At age six months, my daughter Savannah was diagnosed with severe food allergies to milk, eggs and peanuts. Since then, we have strictly avoided all of those foods. Through the years, we have had few accidental exposures, and to my knowledge, she had never consumed an egg product.
Life Without Eggs
Savannah has never eaten mayonnaise or marshmallow fluff. We are often asked, “Can she eat egg substitute, like Egg Beaters?” The answer is a firm, “No, that’s still actually eggs.” She can have egg replacers, such as Ener-G Egg Replacer, but those of us in the egg-allergy world know that is not something you would eat for breakfast. In a controlled environment, Savannah has successfully received flu shots (some egg-allergic patients do not tolerate flu vaccines, which use eggs in the manufacturing process).

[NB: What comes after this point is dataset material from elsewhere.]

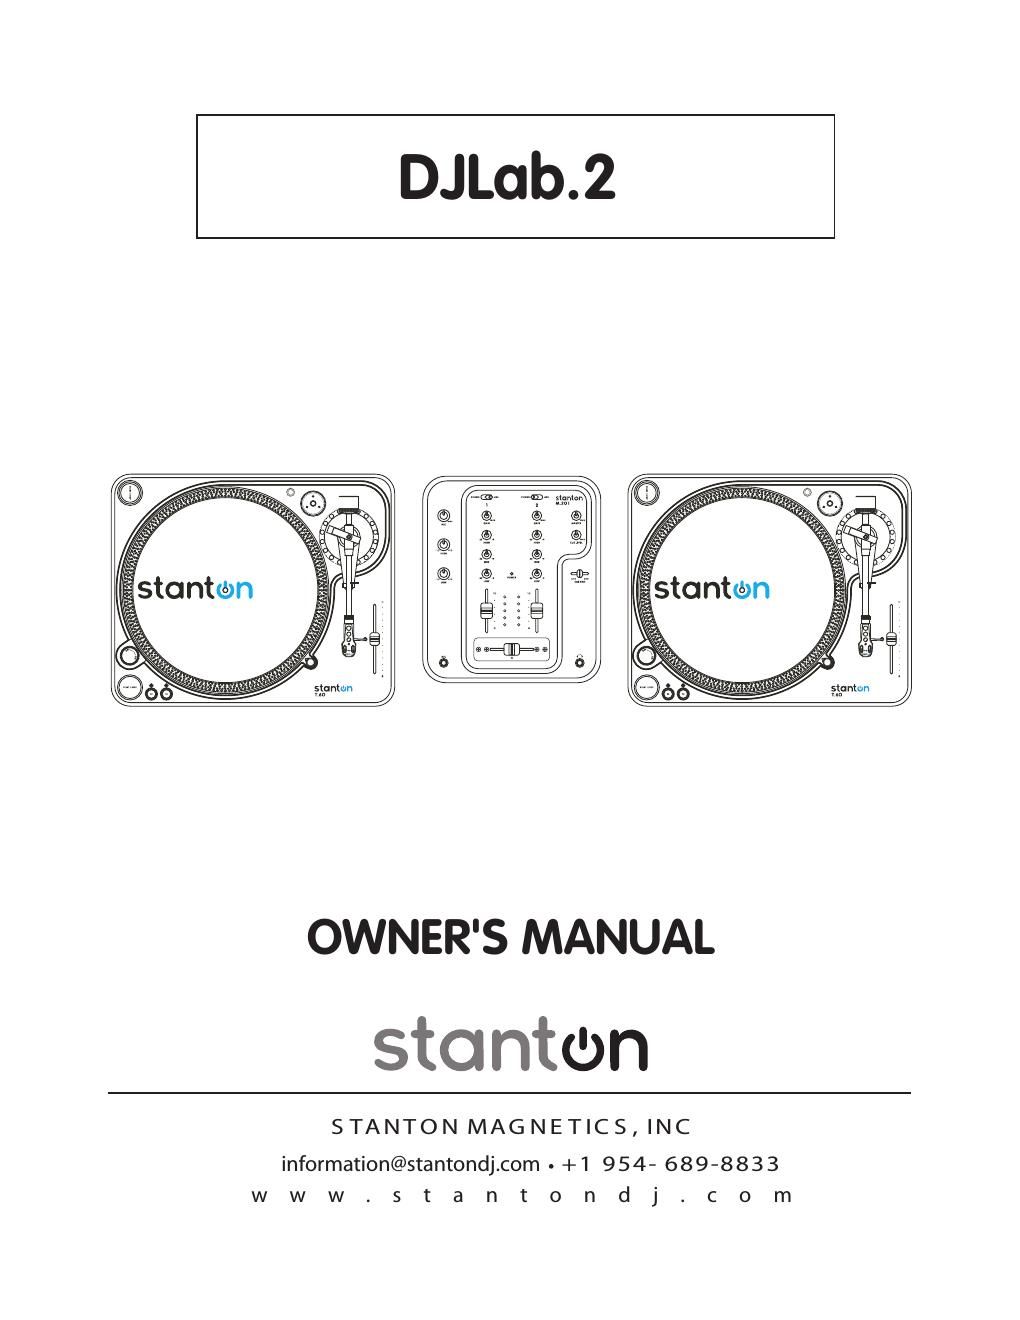 stanton djlab 2 owners manual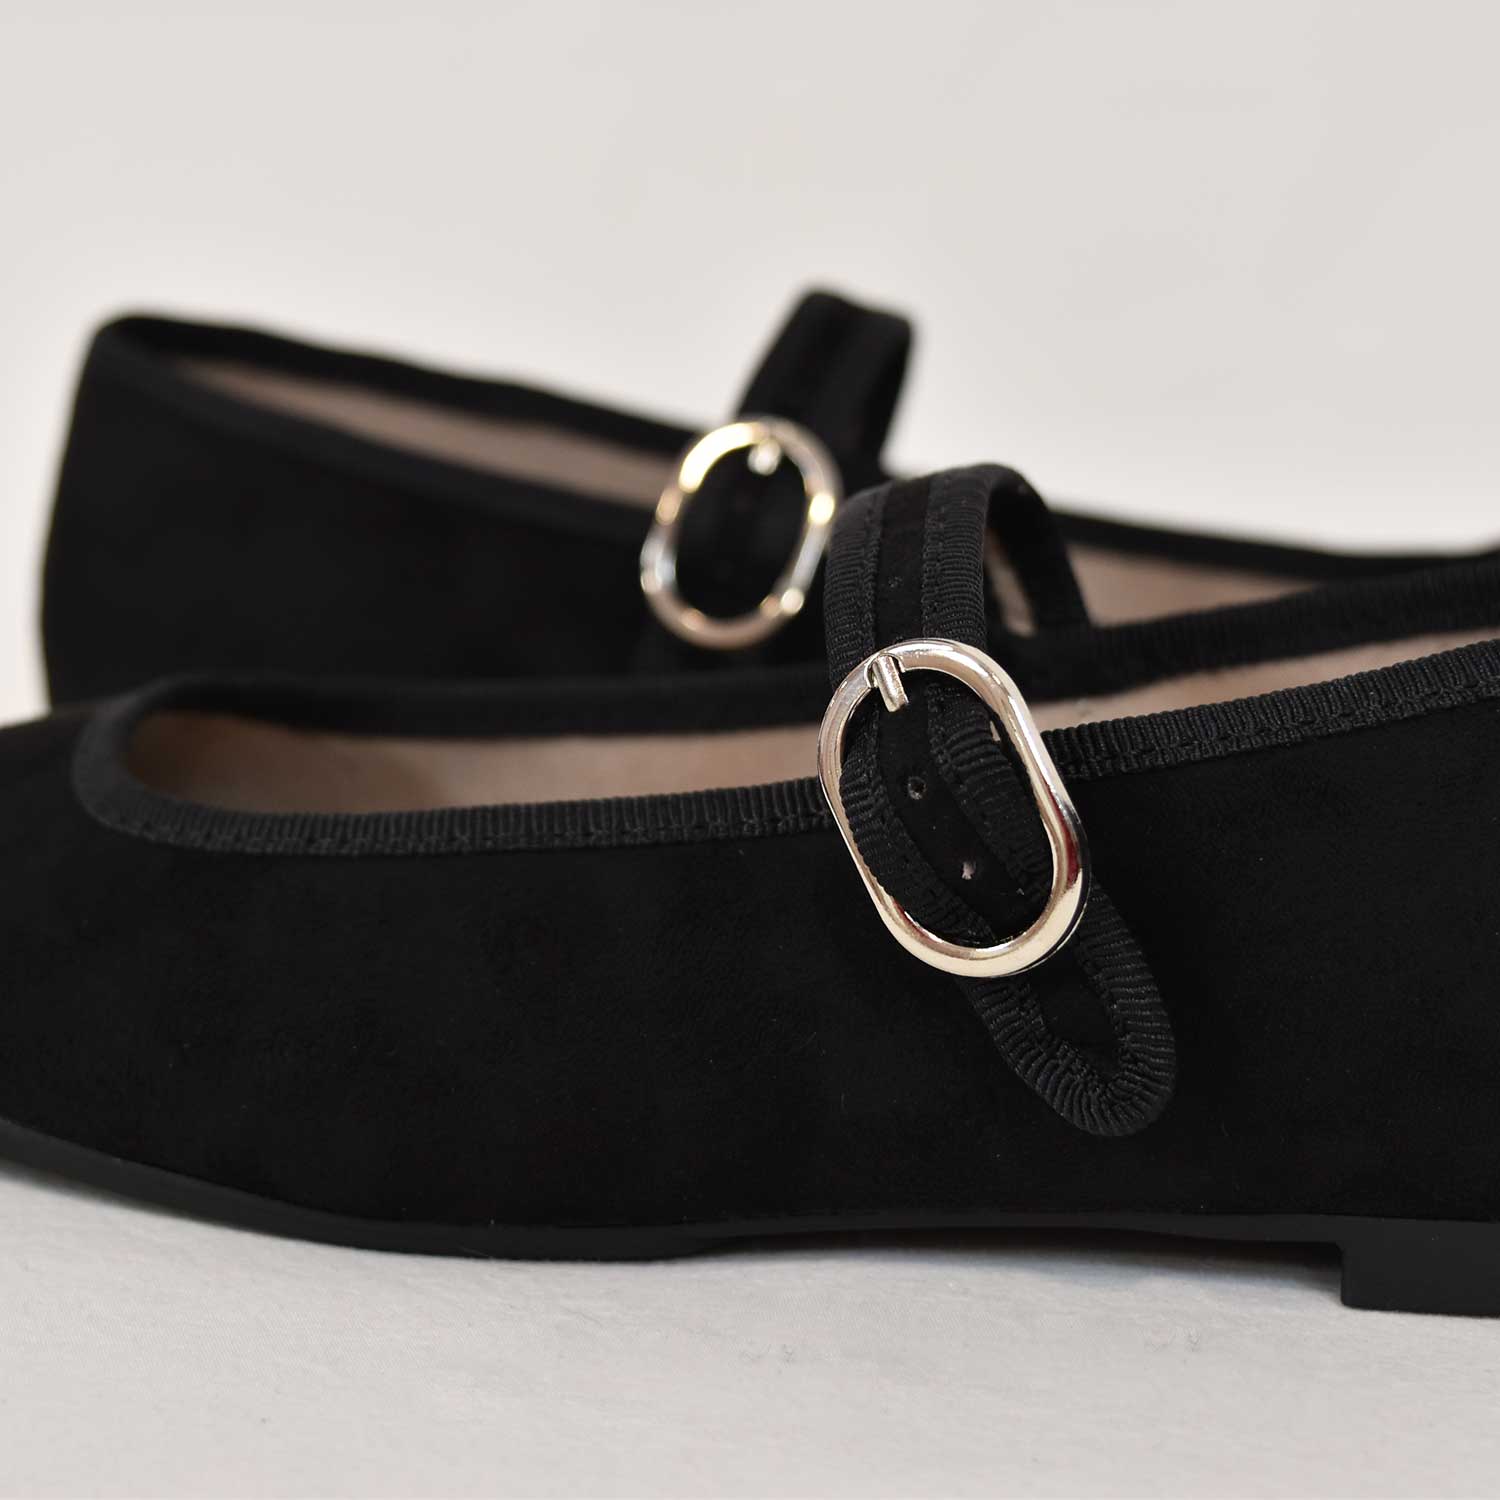 Black Mary Jane shoes

Getting Ready for the Challenge
When Savannah turned six last year, our allergist told us that she had reached the age that we could try a baked egg challenge. If she passed the food challenge, she would be able to eat fully baked or processed eggs in the form of most baked goods, such as bread, cakes, muffins and brownies. Baked goods that wouldn’t be considered safe are quiche, angel food cake, breads that are brushed with egg-white (so they look shiny and pretty in the display case), meringues, egg custards (such as flan and crème brulee), or anything else that might have a high concentration of eggs. She would also be able to eat egg noodles.
I’ve met other allergy moms whose kids have had successful baked egg challenges, and that was encouraging. Some of them went on to have successful scrambled egg challenges. Even more encouraging. Risky? Yes, but we felt comfortable that Savannah was in good hands in the controlled doctor’s office environment, so we decided to move forward this week with the baked egg challenge.
Savannah seemed very excited about our appointment, probably because she loves to watch Youtube videos of people making baked goods, many which contain eggs. But, she has never been able to eat those same recipes. If she passed the baked egg challenge, it could open up some new options that she couldn’t have before. Additionally, it could lower her risk of accidental exposure to the allergen.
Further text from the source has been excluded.